Significance. If the experimental claims hold under detailed scrutiny, the work would represent a meaningful step toward fine-grained, reference-driven control in audio generation, addressing the limitation of existing text-to-audio models that primarily achieve semantic alignment rather than event-specific customization. The accompanying datasets and benchmark would also supply useful resources for future research on personalized audio synthesis.
major comments (3)
- [Methods] Methods / conditioning subsection: The reference encoder (typically CLAP or WavLM embeddings) is fed into standard cross-attention or FiLM layers without an explicit event-disentanglement stage. This leaves open the possibility that the UNet satisfies the training objective by copying global acoustic statistics (timbre, background, recording artifacts) rather than isolating the target auditory event, directly undermining the central claim that a few references supply cleanly transferable, event-specific features.
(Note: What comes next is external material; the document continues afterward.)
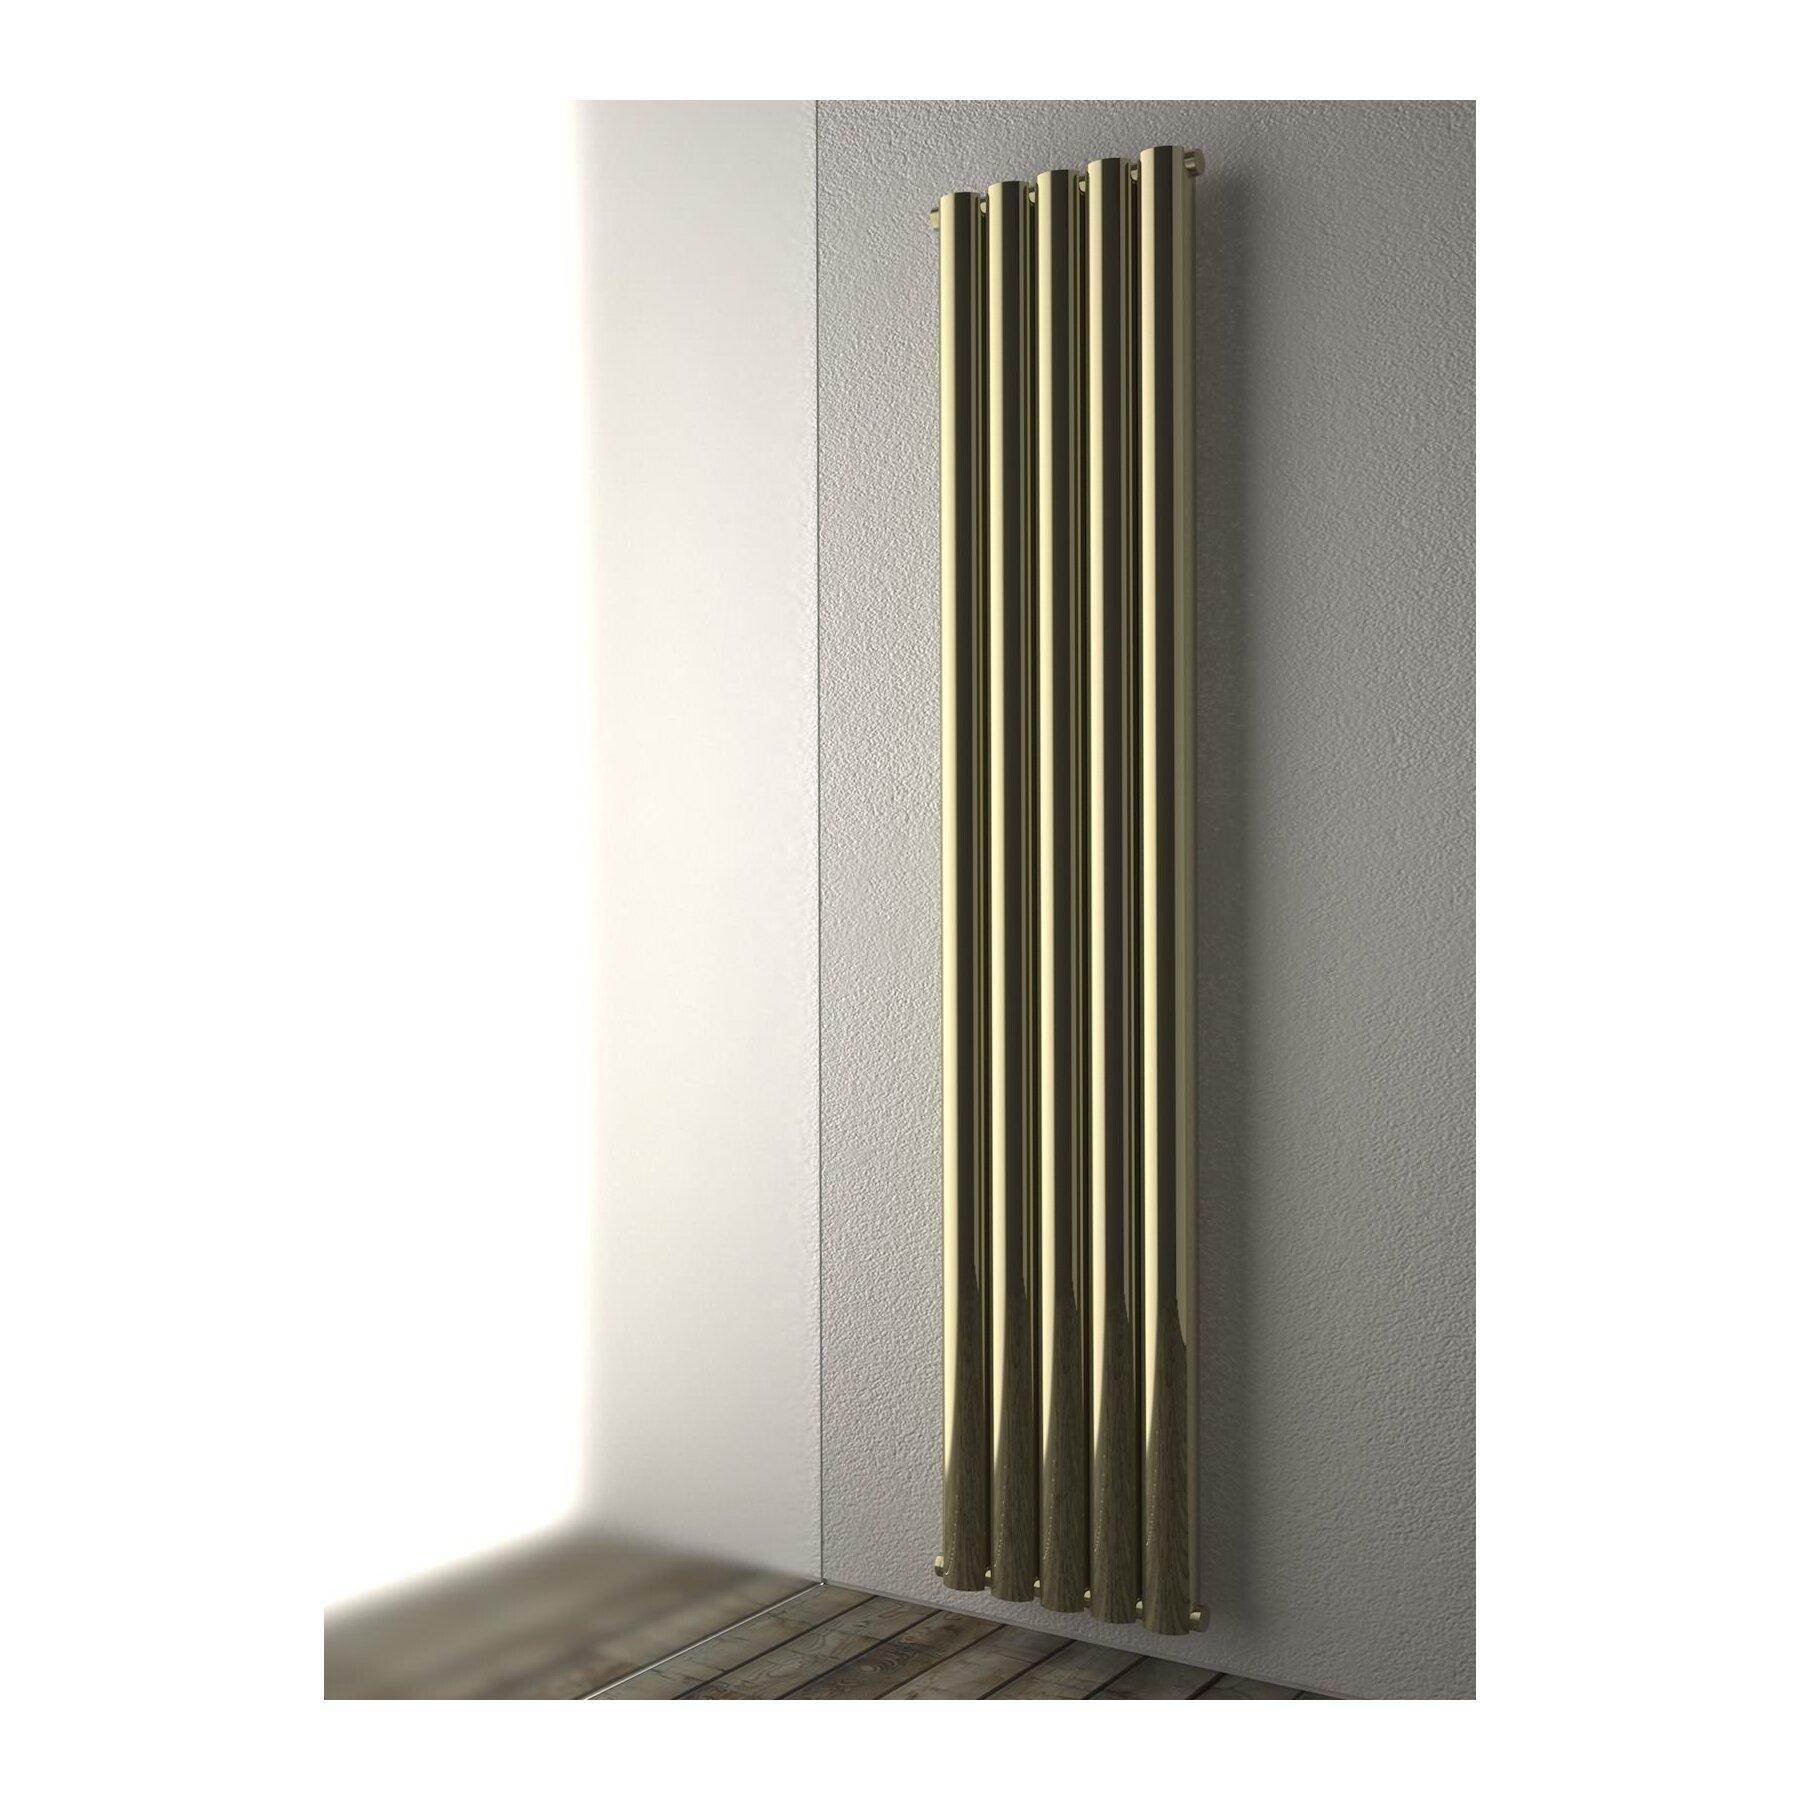 circle moderner r hrenheizk rper von k8 radiatori. Black Bedroom Furniture Sets. Home Design Ideas

- [Experiments] Experiments / results section: The reported positive outcomes on consistency and alignment lack accompanying quantitative metrics, ablation tables (e.g., performance on noisy vs. clean references or single- vs. multi-source clips), and error analysis. Without these, it is impossible to verify robustness against the weakest assumption that reference clips contain clean, identifiable events.
- [Datasets] Dataset construction: The two new datasets are introduced for CTTA training and testing, yet the selection and annotation protocol for ensuring that reference clips isolate the intended personalized events (rather than composite or noisy scenes) is not specified. This detail is load-bearing for the benchmark's validity and for the claim of real-world applicability.
minor comments (2)
- [Abstract] Abstract: Adding one or two key quantitative scores (e.g., consistency or alignment metrics) would make the summary of experimental outcomes more informative.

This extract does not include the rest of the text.